— Supplied records —

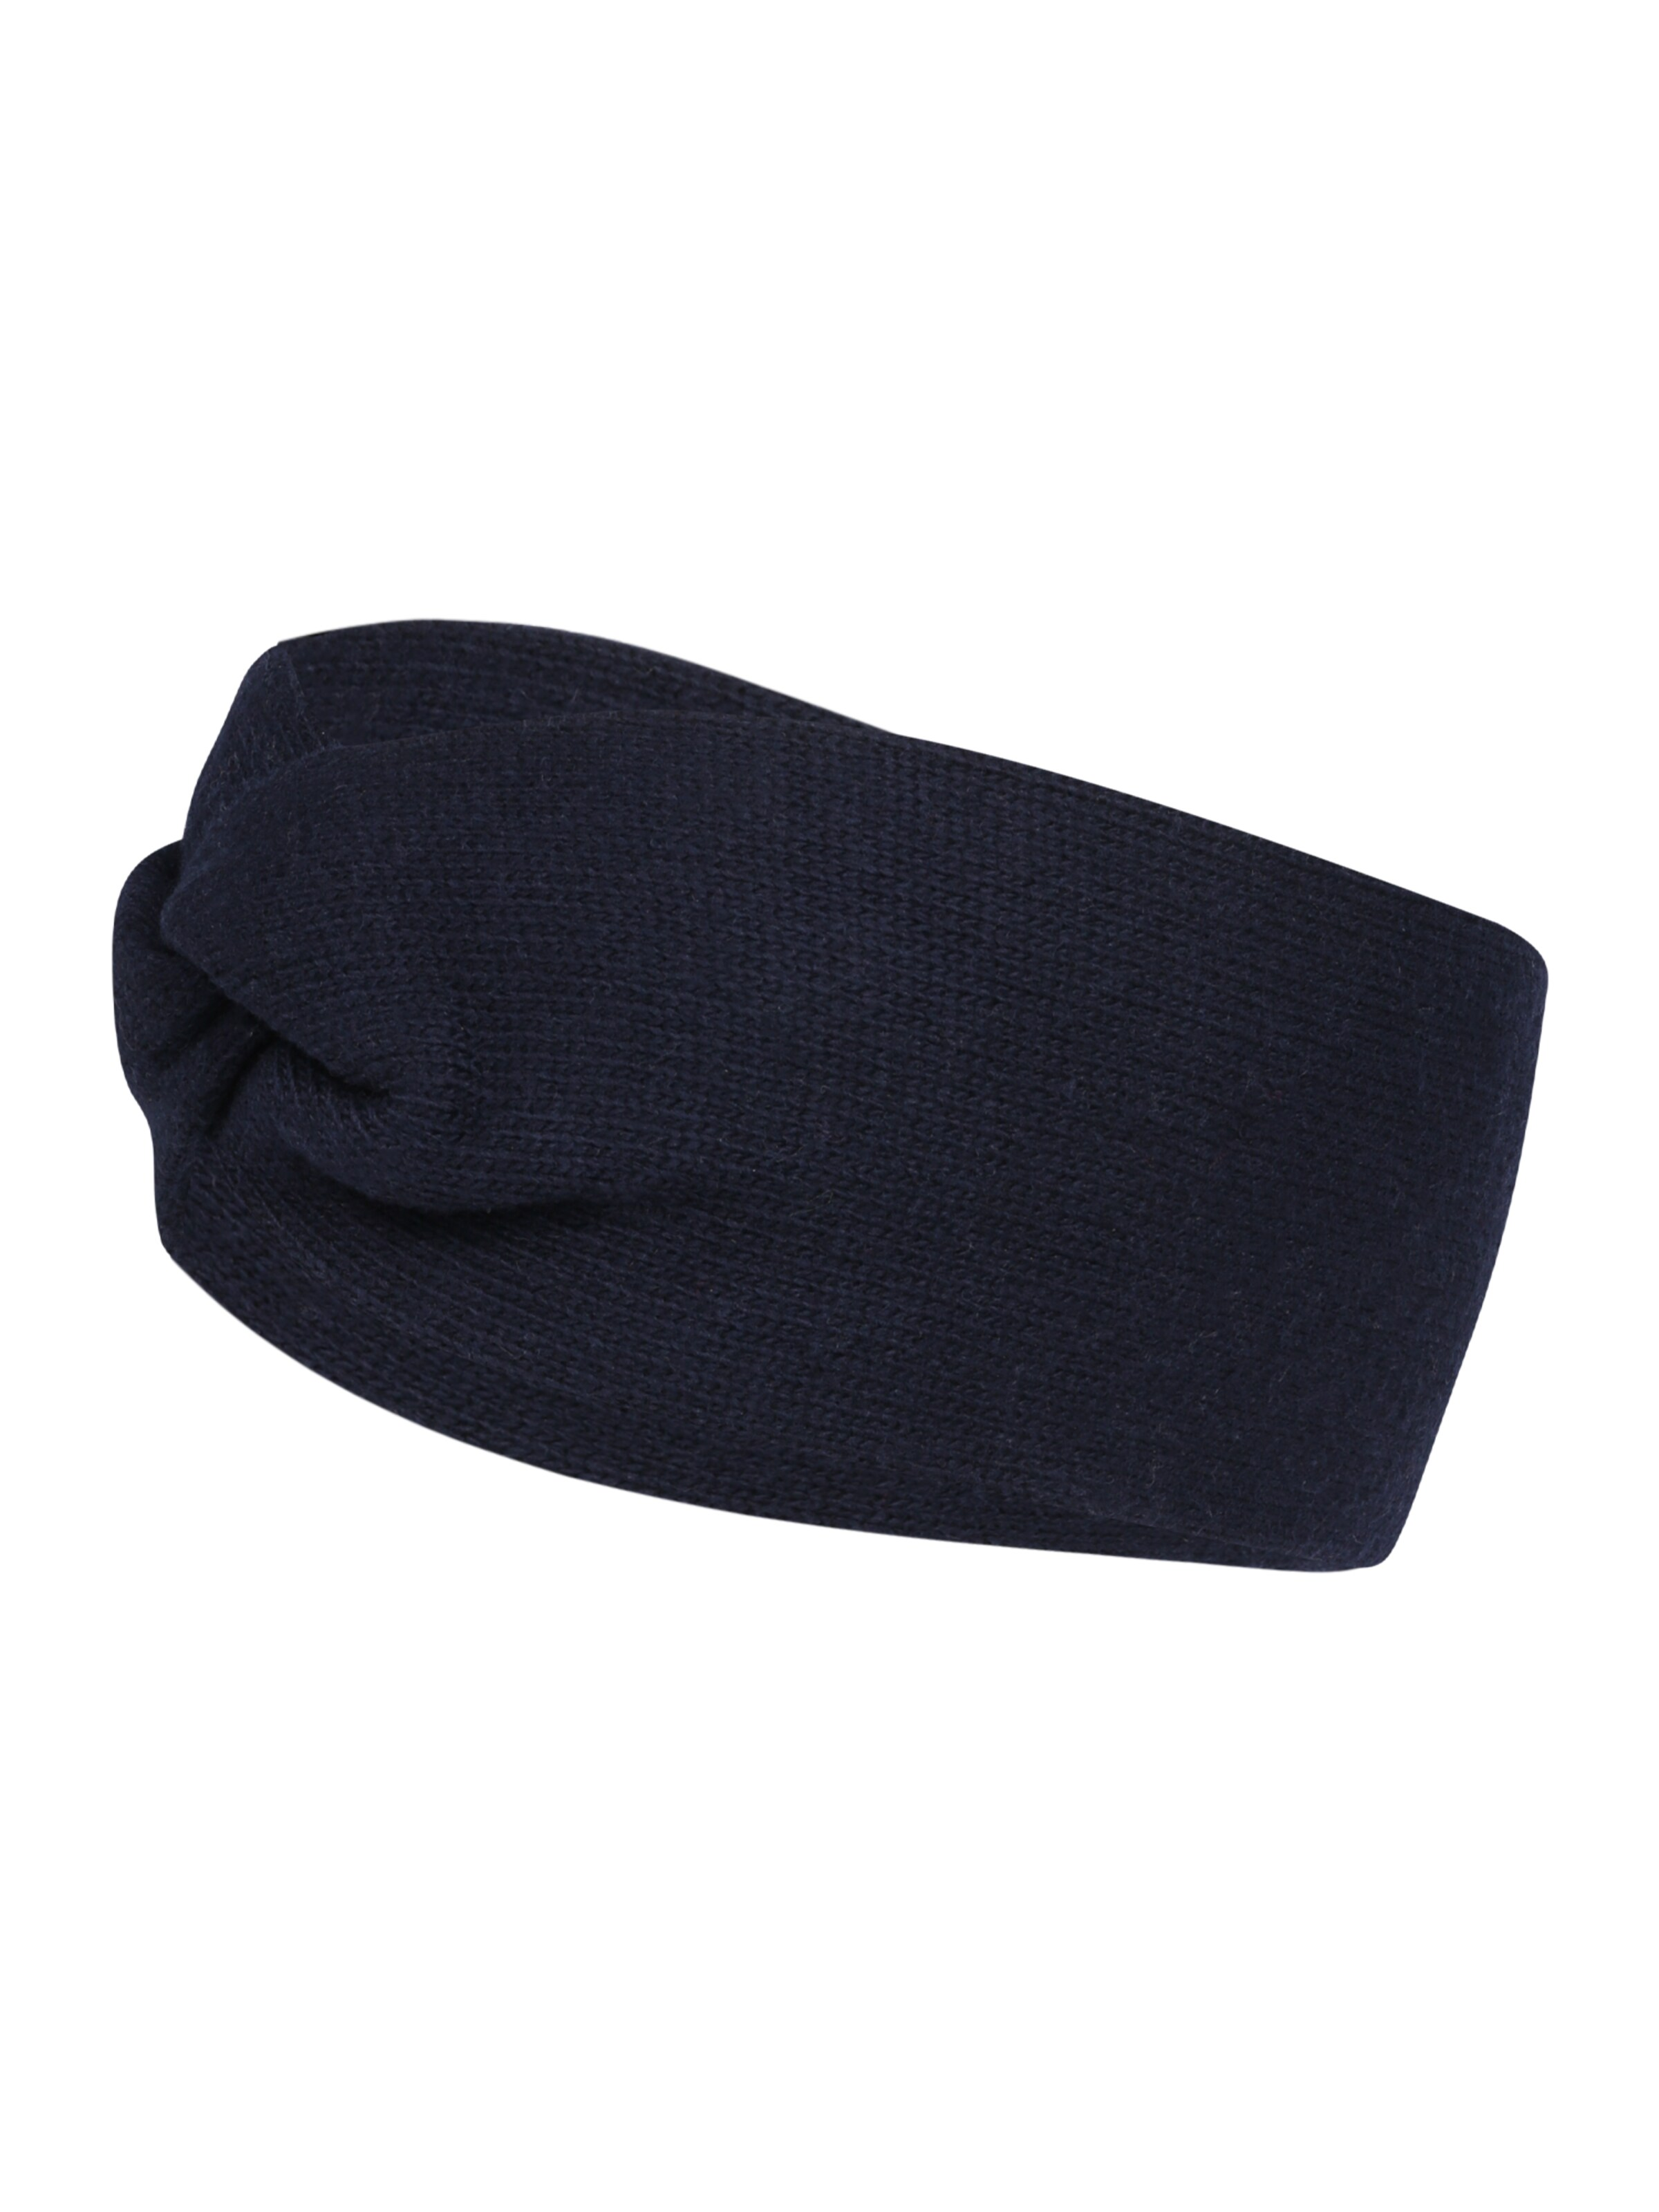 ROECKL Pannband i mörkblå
* * *
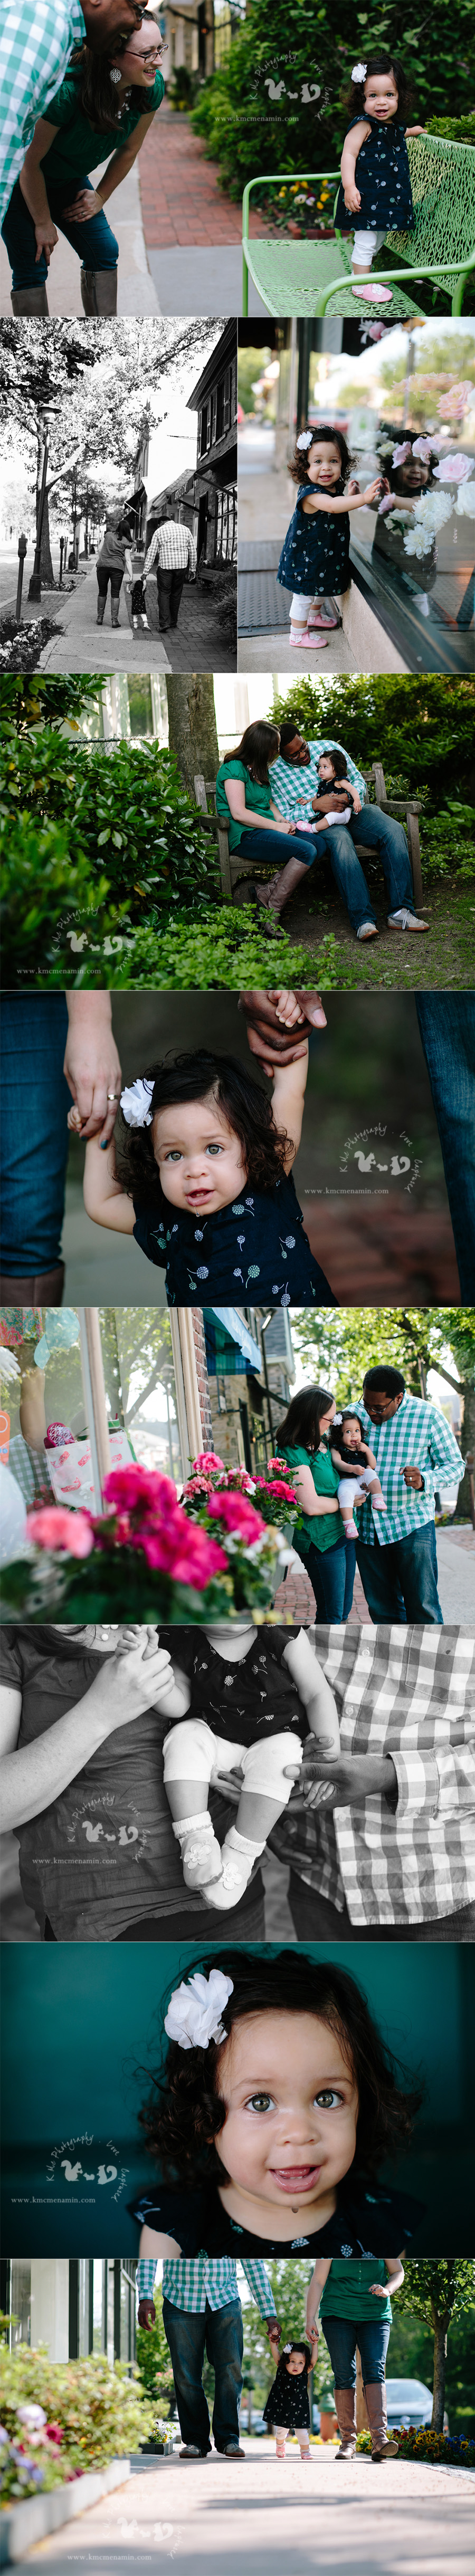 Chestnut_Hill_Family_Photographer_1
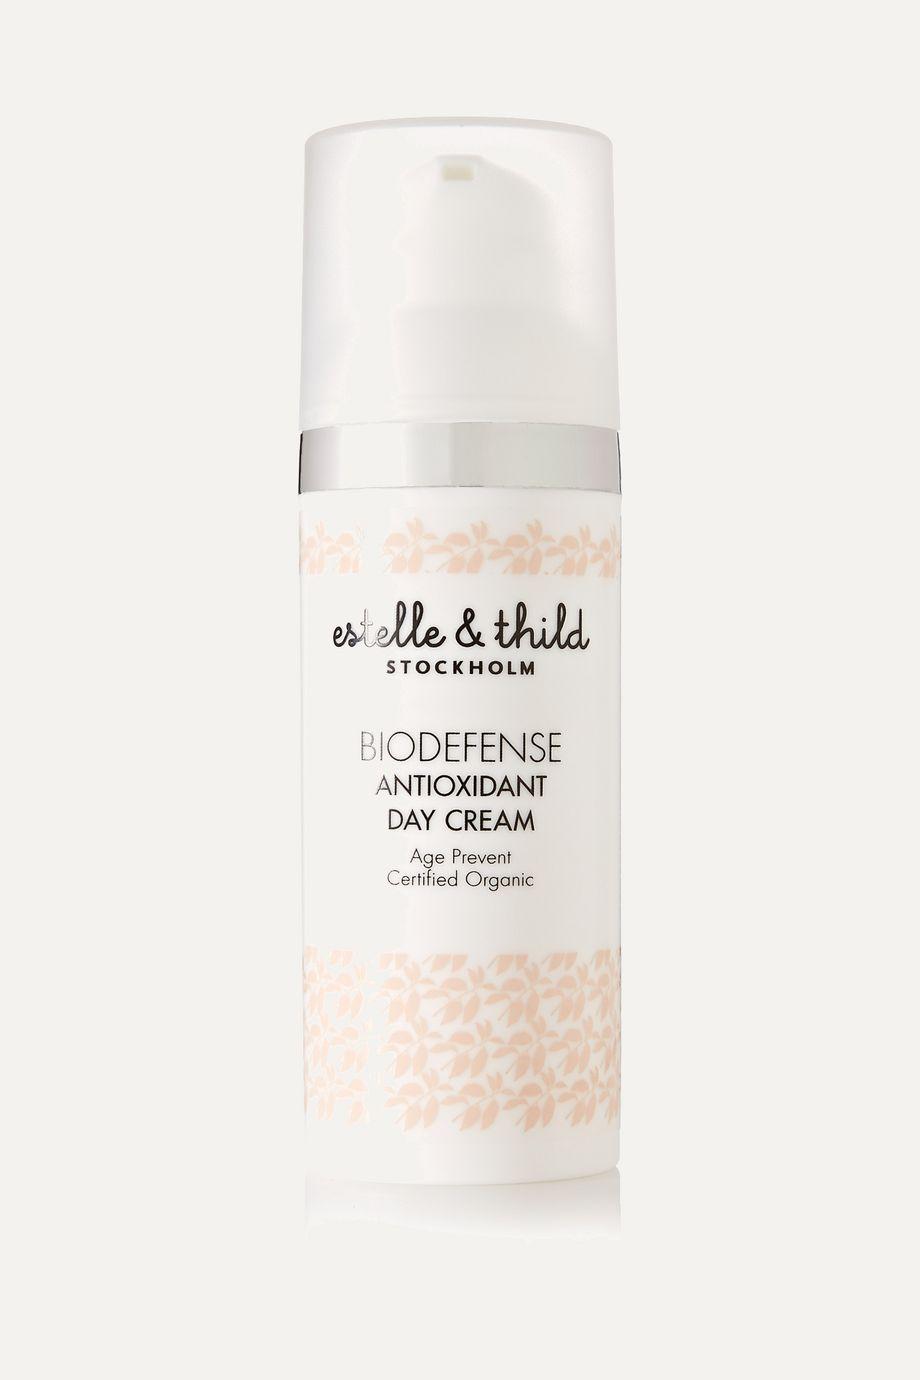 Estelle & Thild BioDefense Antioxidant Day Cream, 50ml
--
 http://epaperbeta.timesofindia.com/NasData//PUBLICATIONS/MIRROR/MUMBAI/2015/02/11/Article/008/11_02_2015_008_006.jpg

— Problem details —
Those lines of the records above that run from the one containing "Chestnut_Hill_Family_Photographer_1" through the one containing "Estelle & Thild" should be returned exactly, with no pictures among them.

— Problem solution —
 Chestnut_Hill_Family_Photographer_1
 Estelle & Thild BioDefense Antioxidant Day Cream, 50ml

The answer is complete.